Once the code is copied and made executable, each student needs to conduct experiments as follows:

Use rangraph and rangraph_ER to tease out the phase change behavior as the expected degree passes the value 1.0. This serves to confirm the classical result of Erdös and Rényi.

Please also observe the degree distributions and conclude ??
Is there an ER-like phase transition in bipartite graphs? If so, what is the critical value of expected degree?

Please also observe the degree distributions and conclude ??
Is there an ER-like phase transition in graphs with geometrically distributed degree sequences? If so, what is the critical value of expected degree?

Please also observe the degree distributions and conclude ??

Footnote 1

Paul Erdös is the mathematician of the so-called "Erdös Number", which is the smallest number of co-authorships connecting a published mathematician to Erdös. (This is the math-nerd analog of the Kevin Bacon number which is famous in movie-nerd circles, defined as the smallest number of co-actors connecting an actor back to Kevin Bacon.) Lacher has Erdös number 3:

Kuratowski, K.; Lacher, R.C. (1969), "A theorem on the space of monotone mappings", Bull.

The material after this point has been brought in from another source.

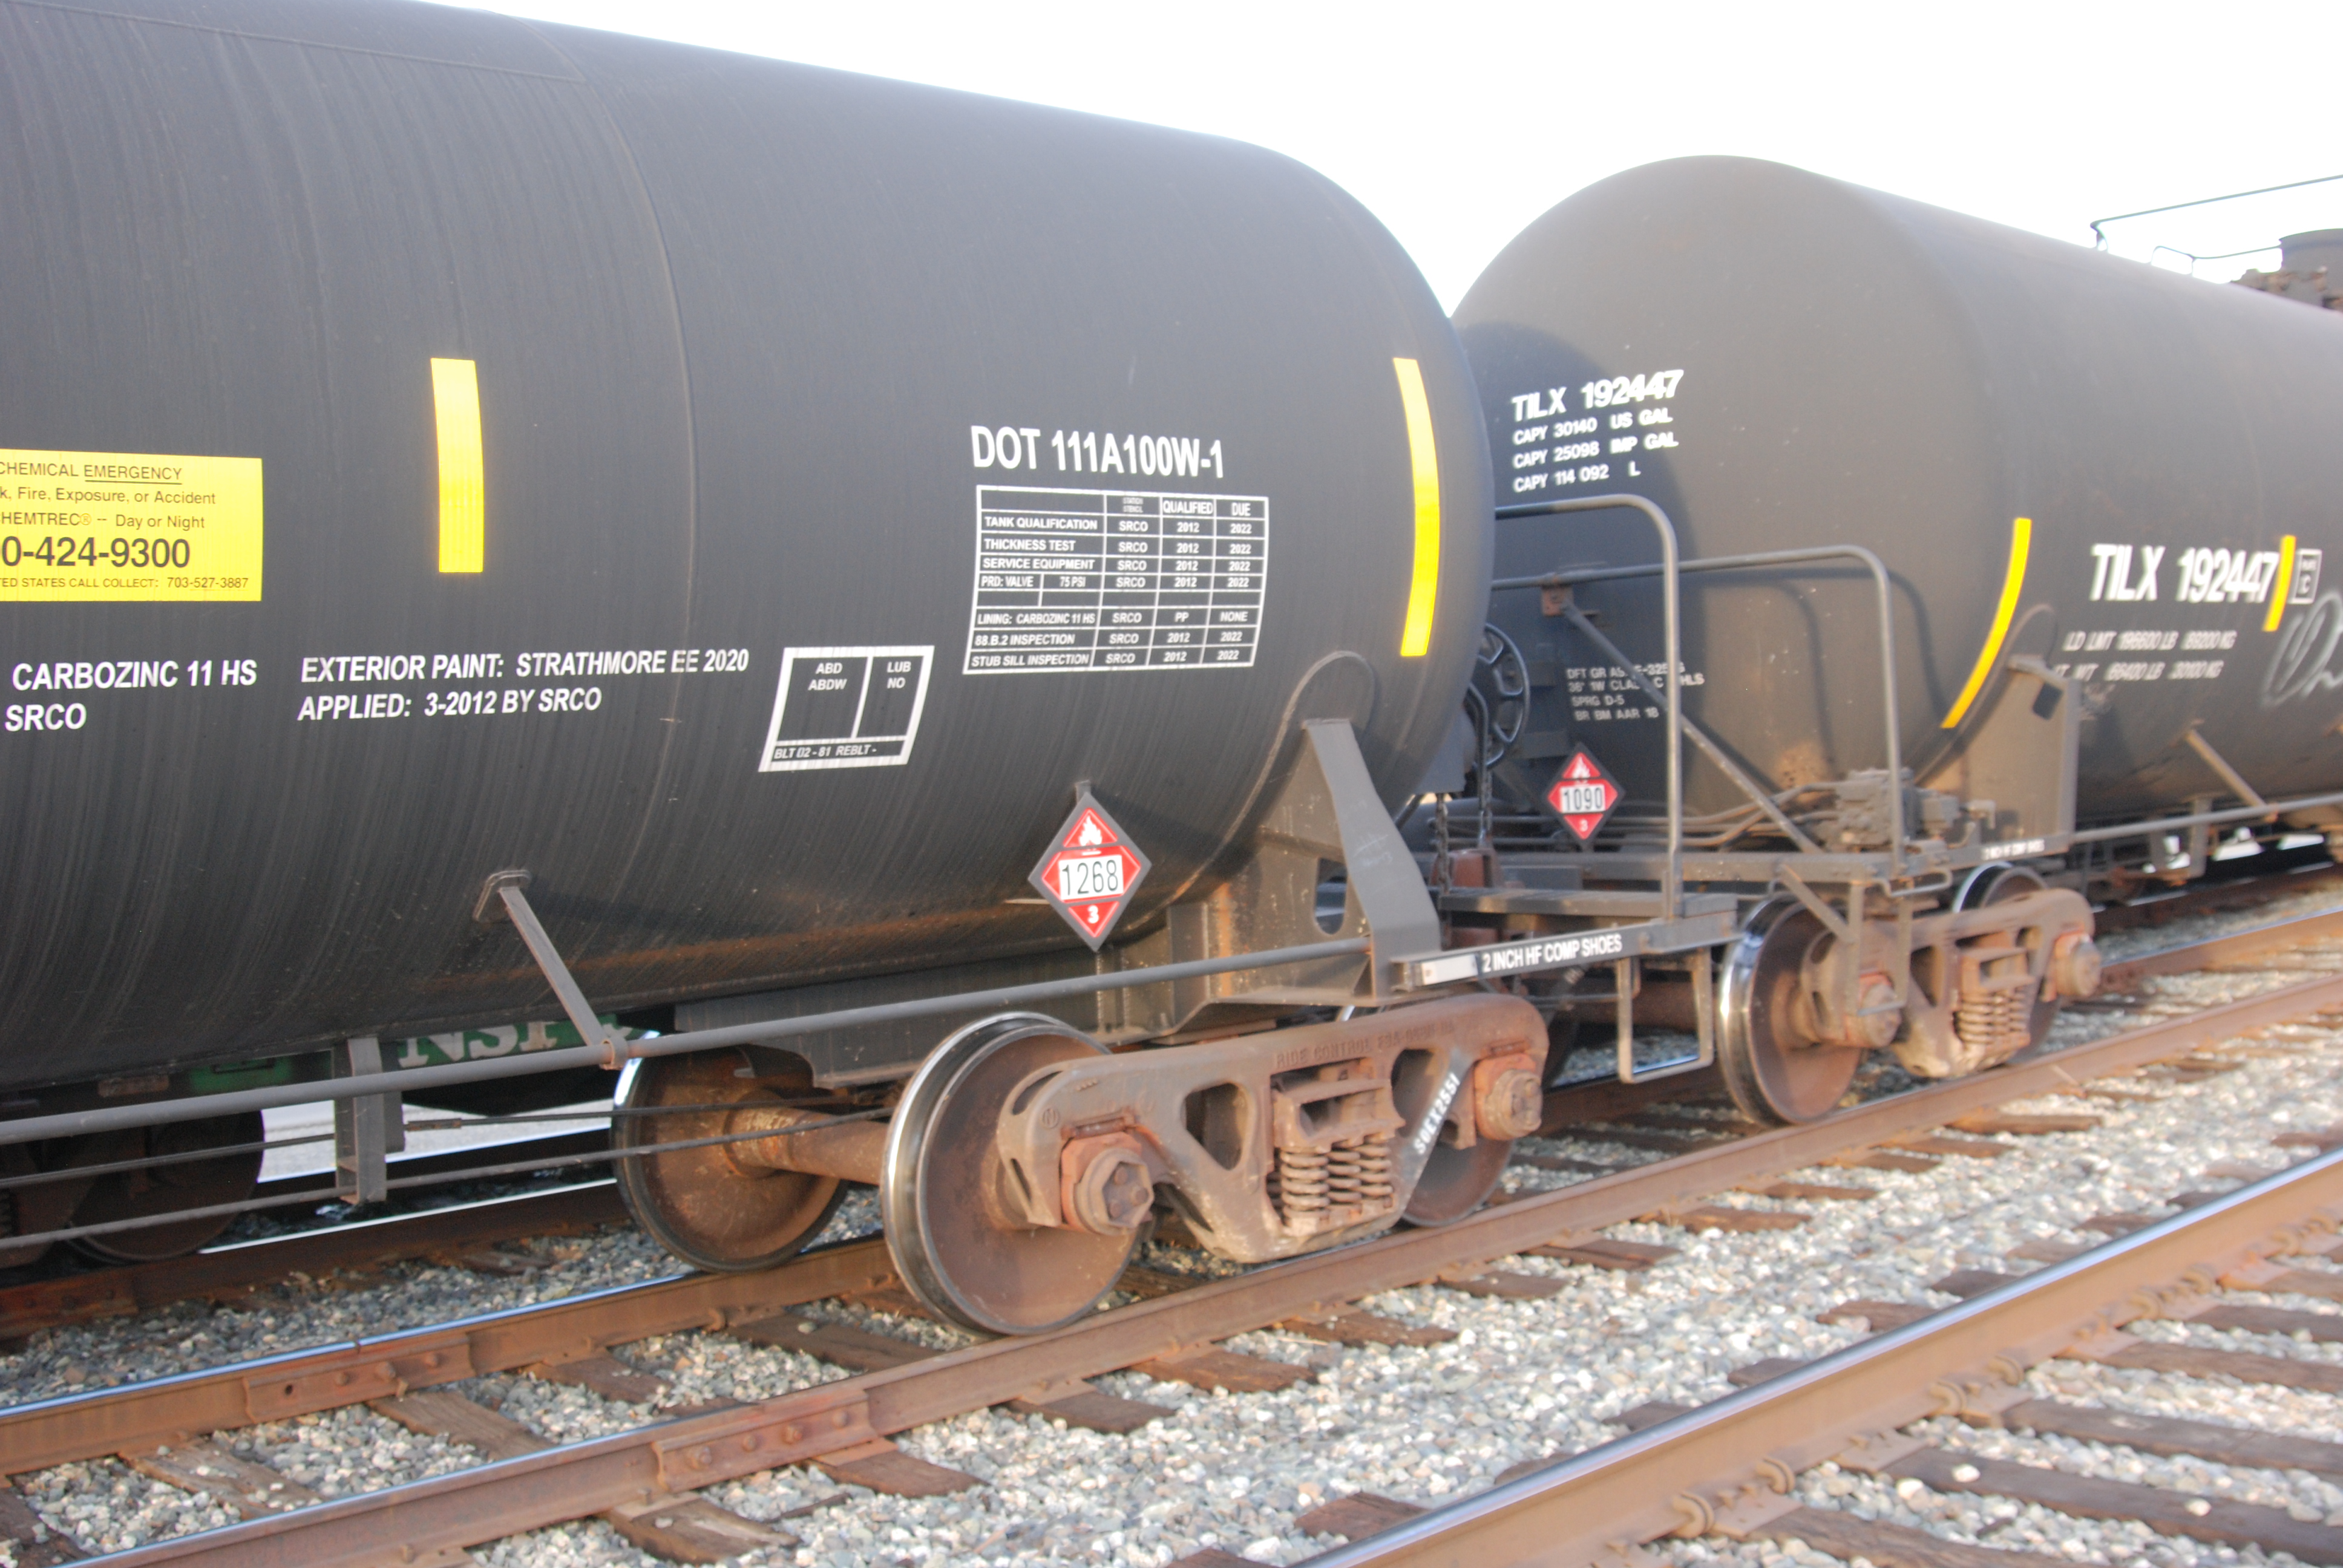 New Tests Ordered on Crude by Rail

Pol. Acad. Sci. 12 (1969) 797--800.
Kuratowski, K.; Ulam, St. (1932), "Quelques proproperties topologiques du produit combinatoire", Fundamenta Mathematicae, Institute of Mathematics Polish Academy of Sciences, 19 (1): 247--251.
Erdös, P; Ulam, St. (1968), "On equations with sets as unknowns", Proceedings of the National Academy of Sciences of the United States of America 60: 1189-95.

Erdös, Kuratowski, and Ulam are each incredibly famous. Kuratowski is one of the founders of both set-theoretic topology and graph theory - the notations K(n) for the complete graph on n vertices and K(p,q) for the complete bipartite graph use "K" in his honor. He was also Ulam's major professor. Among many other things, Ulam discovered the way to calculate how to start a mass particle chain reaction. This work as part of the Manhatten project led to hydrogen fusion, hydrogen bombs, the threat of global destruction, and ultimately the end of the cold war. Without Ulam's discovery, we could well be living in a Stalinist dictatorship.

Lacher feels thrilled and humbled to appear in the list above.